When a researcher encounters a subject who speaks a language not already in the form database, he or she will use the available resources to have the English form translated. Though there is some initial cost, it is more manageable than translating an entire consent form — and can greatly expand future study subject pools. "There is some cost with the translation, but when the form is used in 200 studies, it can expand your subject pool," Cathrall says.
"It [short form consent] makes adding new subjects a lot faster and less labor intensive," Schwarzhoff adds. "It also makes reviewing studies quicker than it would be otherwise."

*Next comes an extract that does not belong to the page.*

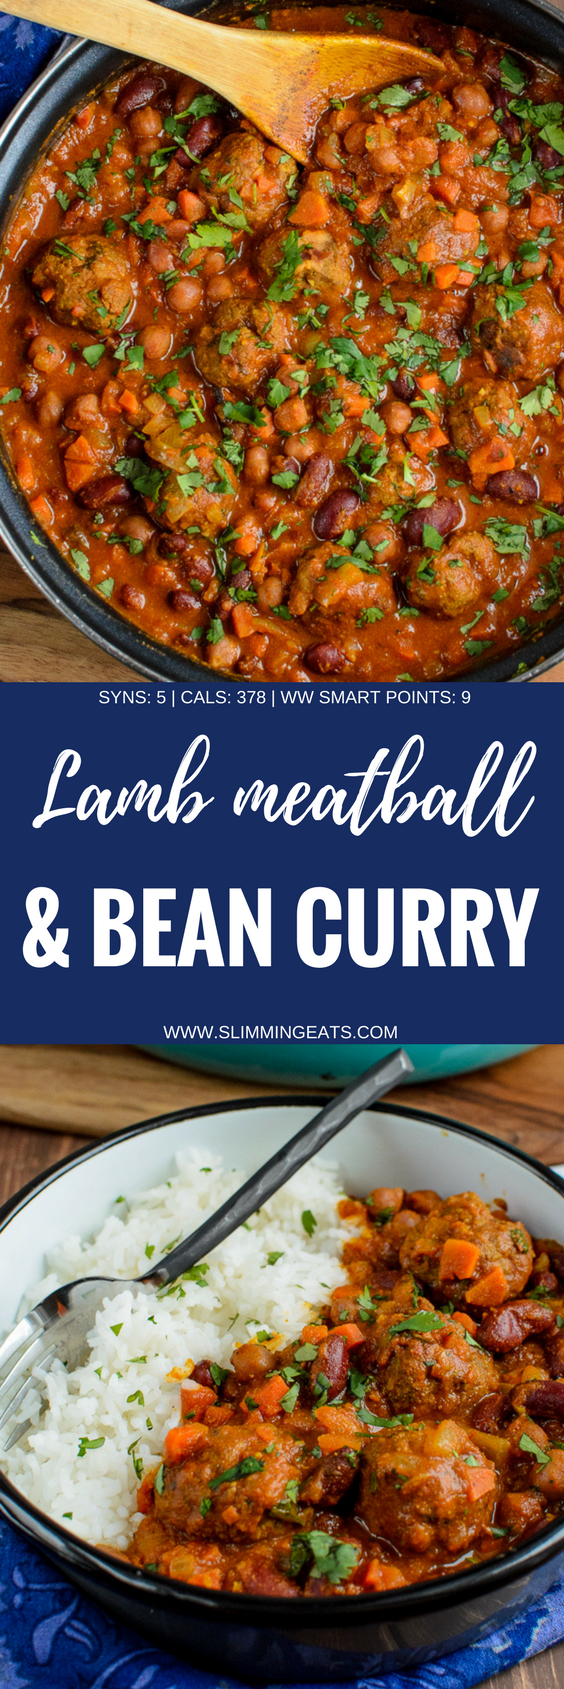 lamb meatballs and bean curry tall pin

Researchers from the University of Pennsylvania also use short form consent. If a researcher enrolls a study participant who speaks a language for which there is not already a form, he or she can request to have the English short form translated, and the new form is kept on file. If a particular researcher submits many requests for a particular short form, he or she is then asked to translate the entire consent form. "We don't require the entire translation when it's an incidental enrollment of the [non-English speaking] subject," says Tracy Ziolek, MS, CIP, director of Human Research Protections at the University of Pennsylvania in Philadephia.

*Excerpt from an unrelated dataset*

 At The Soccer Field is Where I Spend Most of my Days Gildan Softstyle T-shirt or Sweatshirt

One of the biggest issues with the consent process when using the short form, she says, is making sure the subject is comfortable with the process and that he or she understands what is going on.

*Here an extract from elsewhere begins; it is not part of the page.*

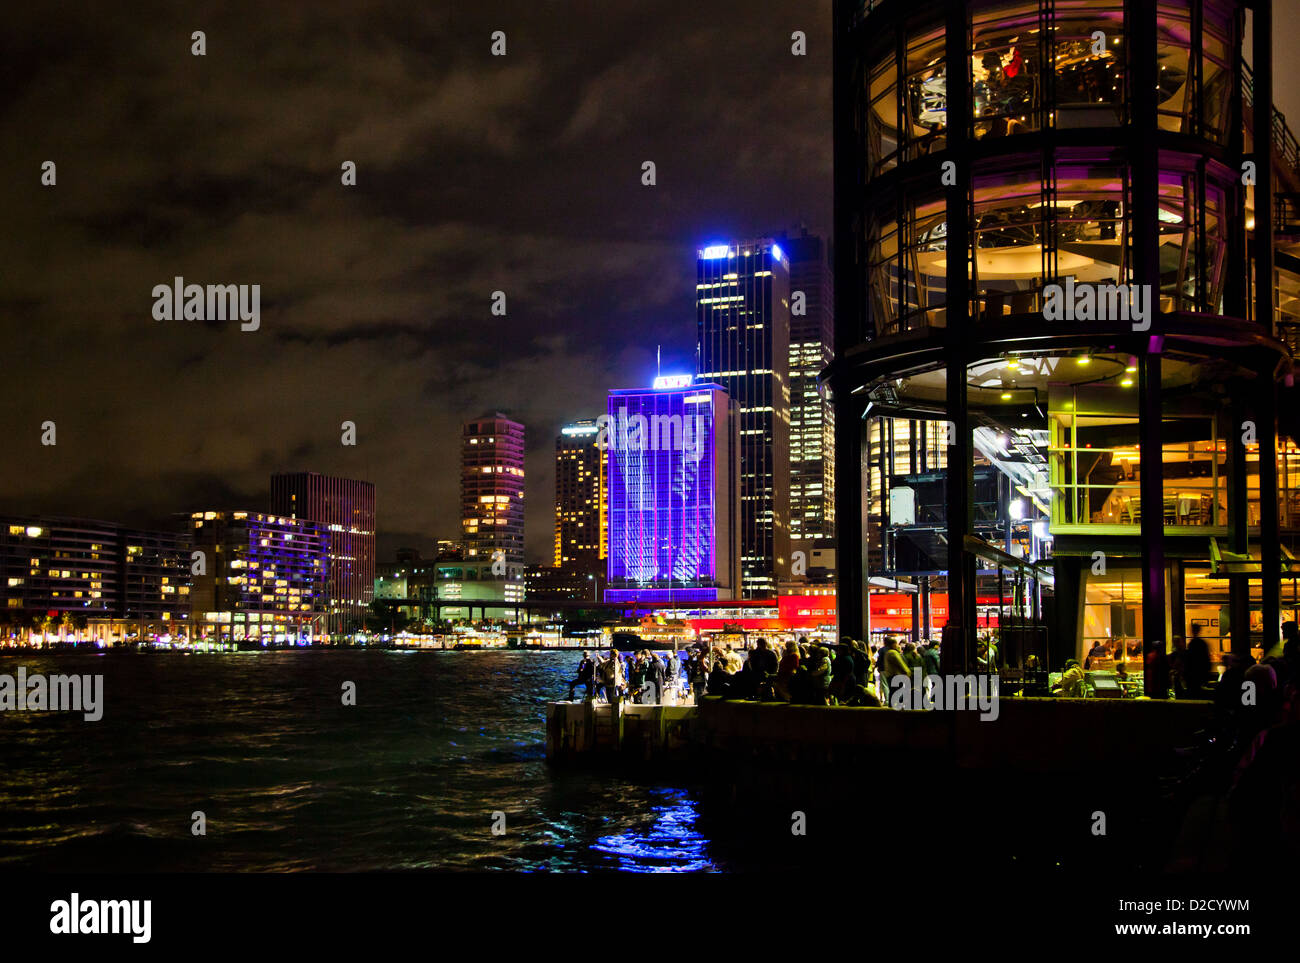 Australia, New South Wales, Sydney Opera House, night view of Circular Quay and the Overseas Passenger Terminal Stock Photo

"For me the most important piece is the documentation of the consent witness stating if the process was rushed, if the subject understood it all, etc. If there were any roadblocks to consent, that is going to affect the relationship," Ziolek says. "The short form is just the anchor form — informed consent still needs to occur."
Ziolek offers these tips for developing a short form consent process.
- Decide on the wording. First things first, Ziolek says, everyone must agree on the content for the English version of the short form. Investigators, IRBs, study subjects, and everyone involved should be comfortable with the document's wording.
Look to other institutions for inspiration. If you're not sure where to start, see what other institutions are doing. "I would say that if you're starting from scratch, the best thing to do is contact a colleague at another institution; institutions are usually open to sharing information," Ziolek says. "If another institution asked, I would say 'Help yourself' — it's a collaboration among all of us." Make sure that the wording is appropriate and captures the information your IRB wants to capture.
She also recommends sharing foreign language translations of the short form. The form describes the consent in general terms, and the general information — contact numbers, investigator names, study title — can always be changed, she says. "The short form doesn't have the most argued-over language; there's no language on injury or other things people get tripped up over," Ziolek says. "That's why I think it's easier to share forms of this nature, because they don't have the specifics in them."
Educate researchers on the process. The biggest potential roadblock to consent, Ziolek says, is the researcher or subject not having all the pieces of the consent puzzle. If a researcher is not aware of these resources, there may not be a translator provided, or the consent process may not be fully documented. "There's a disconnect with people who are not familiar with it [the process]," she says. "Case by case, we walk them through what is required for their circumstances, and we'll tell them what pieces of the puzzle are missing. The Penn clinical manual is also quite helpful with utilizing the forms."
Education is also one of the pieces of the puzzle, Ziolek says. "I would hate to think someone missed out on participation because the researcher didn't know what they could do," she says. "Knowing that it's an available option and knowing how to use it are two big pieces of education."